┌────────

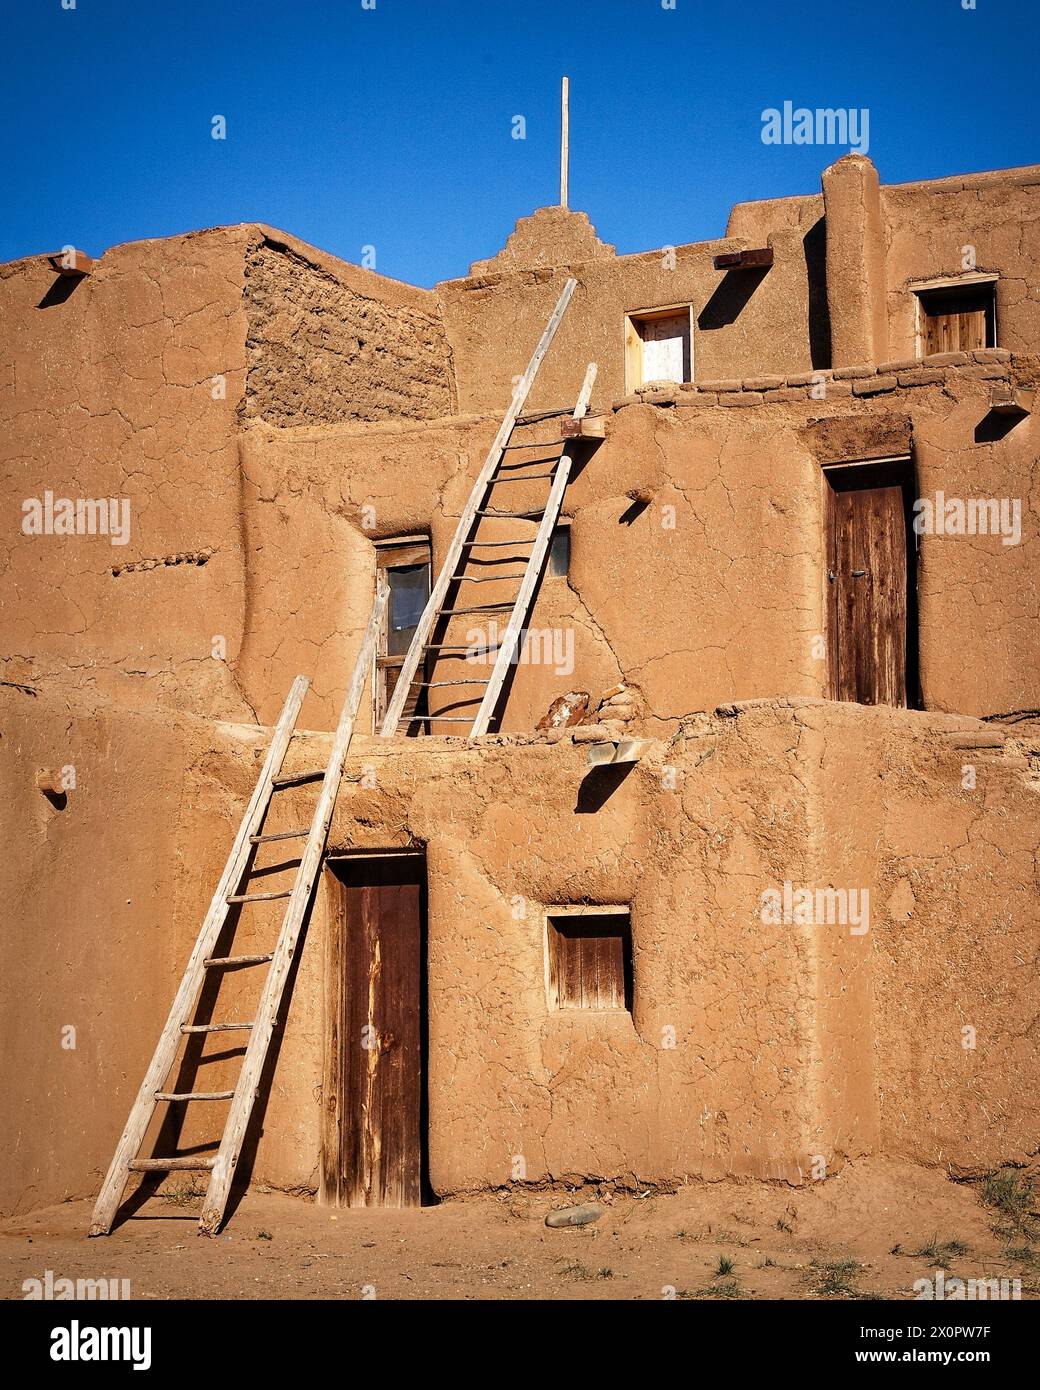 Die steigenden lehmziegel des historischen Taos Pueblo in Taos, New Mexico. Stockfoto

└────────
┌────────

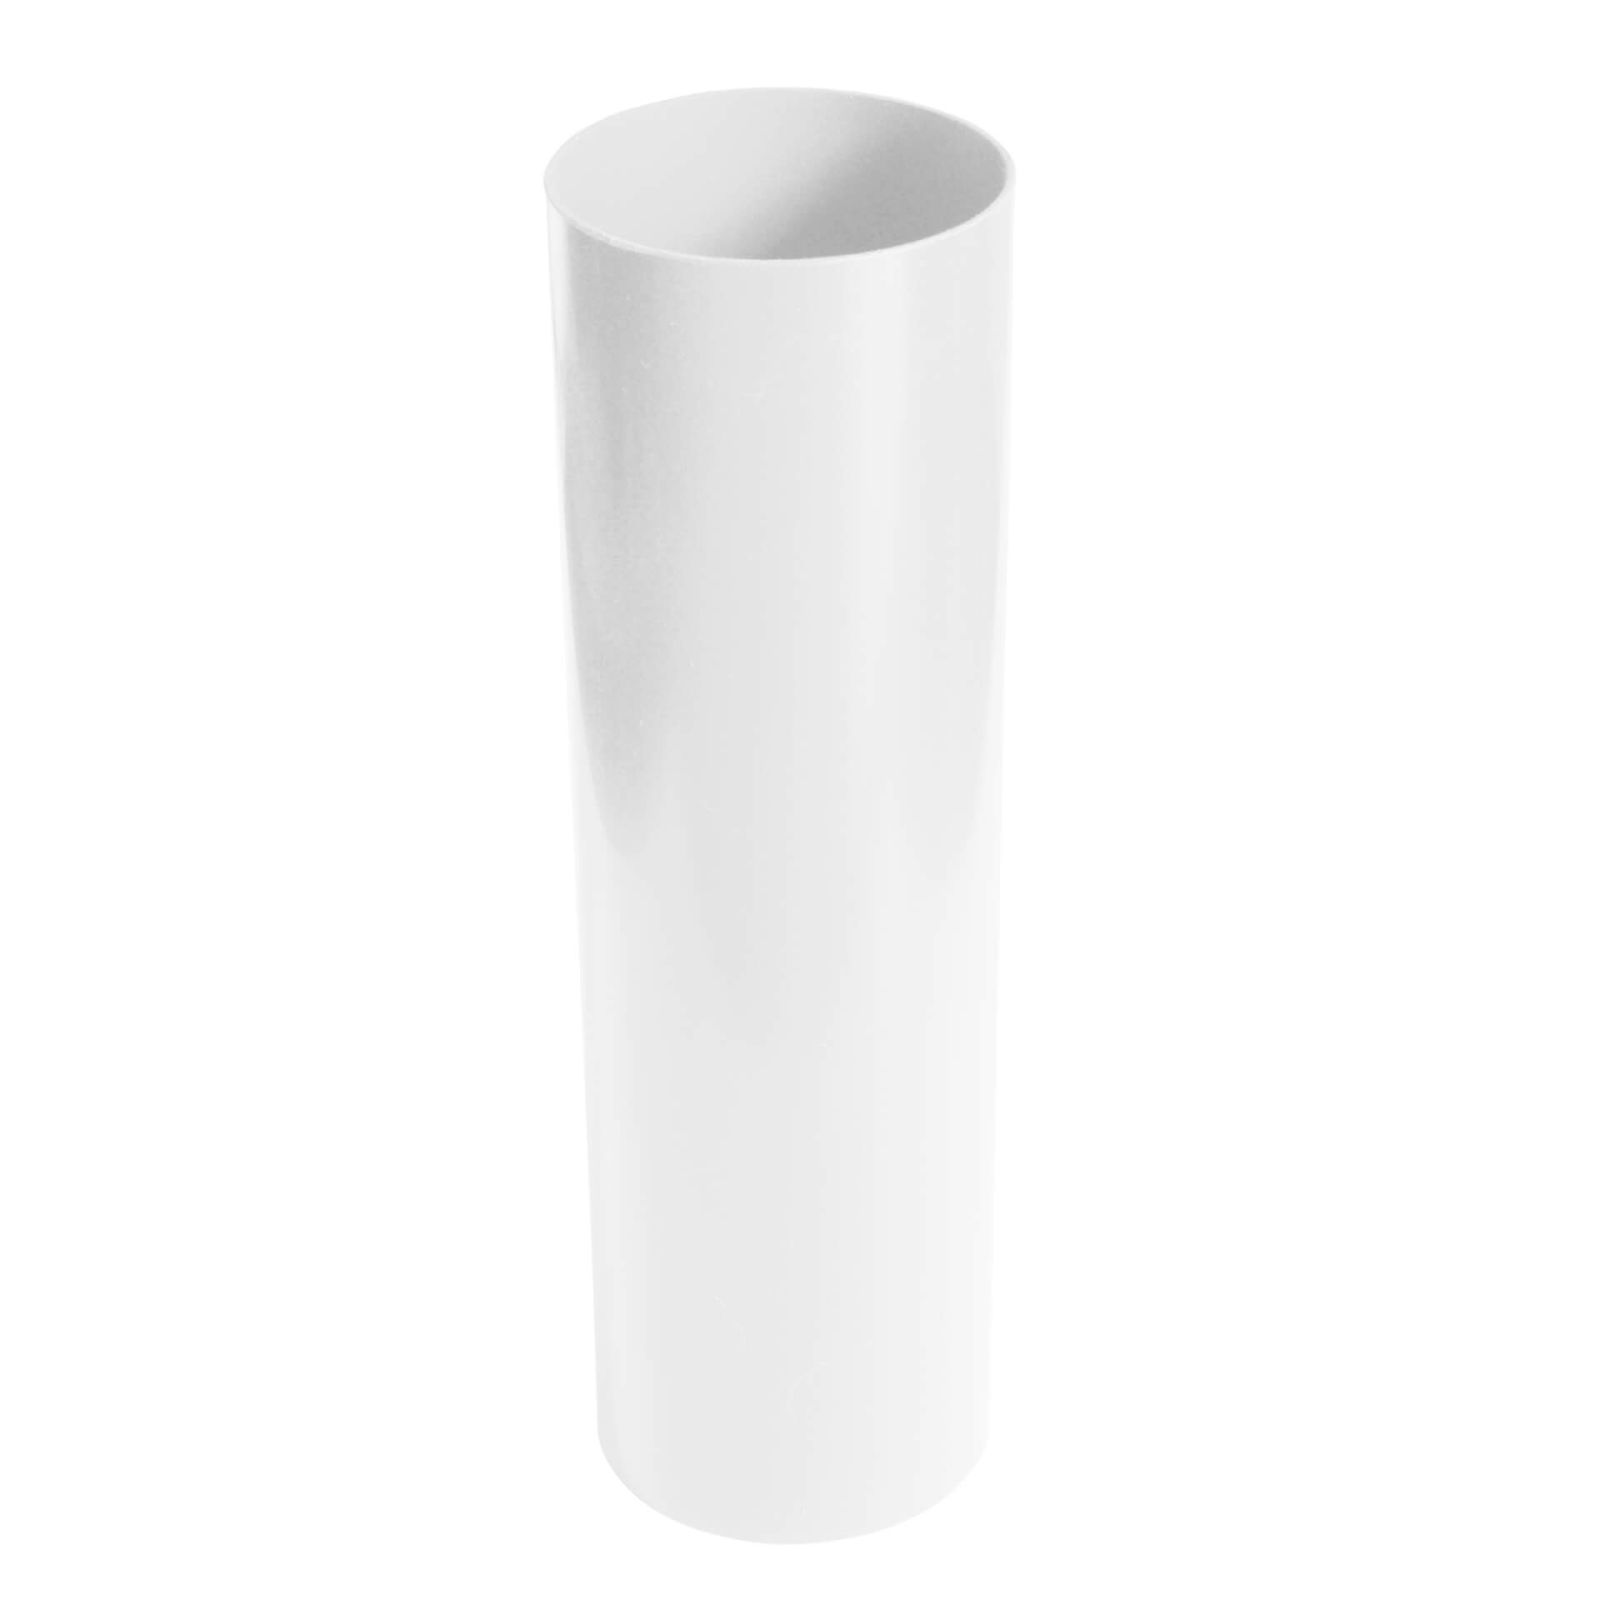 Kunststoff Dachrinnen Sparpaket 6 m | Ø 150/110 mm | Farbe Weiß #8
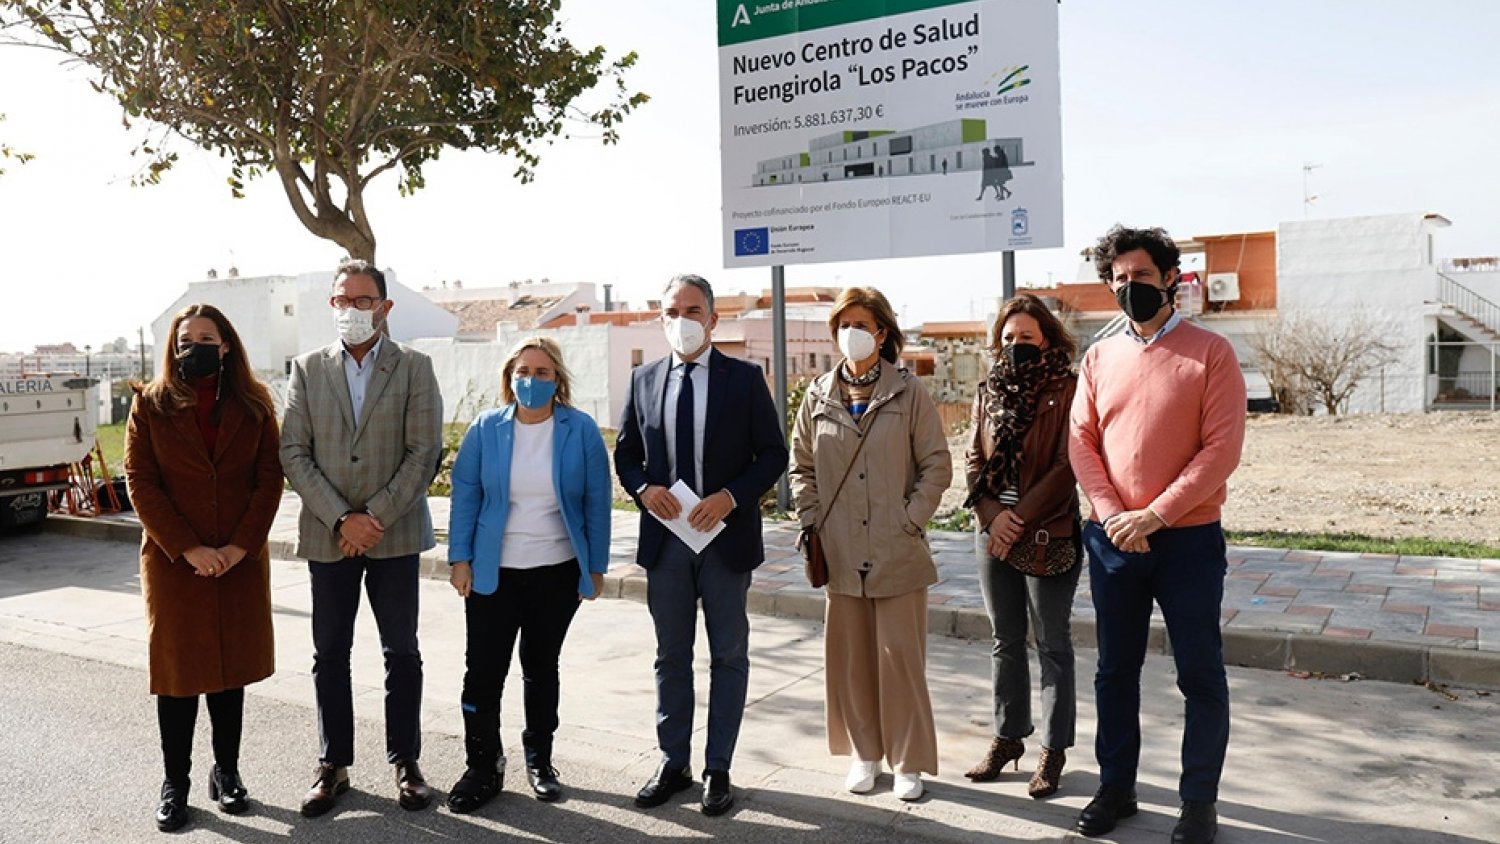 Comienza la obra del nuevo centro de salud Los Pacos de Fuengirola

└────────

▶ [EXERCISE OBJECTIVE]: Leaving out all pictures, set down exactly the lines of the material above, from the line with "Kunststoff Dachrinnen Sparpaket" to the line with "Comienza la obra" inclusive, and no others.

▶ [EXERCISE OUTPUT]:
 Kunststoff Dachrinnen Sparpaket 6 m | Ø 150/110 mm | Farbe Weiß #8
 Comienza la obra del nuevo centro de salud Los Pacos de Fuengirola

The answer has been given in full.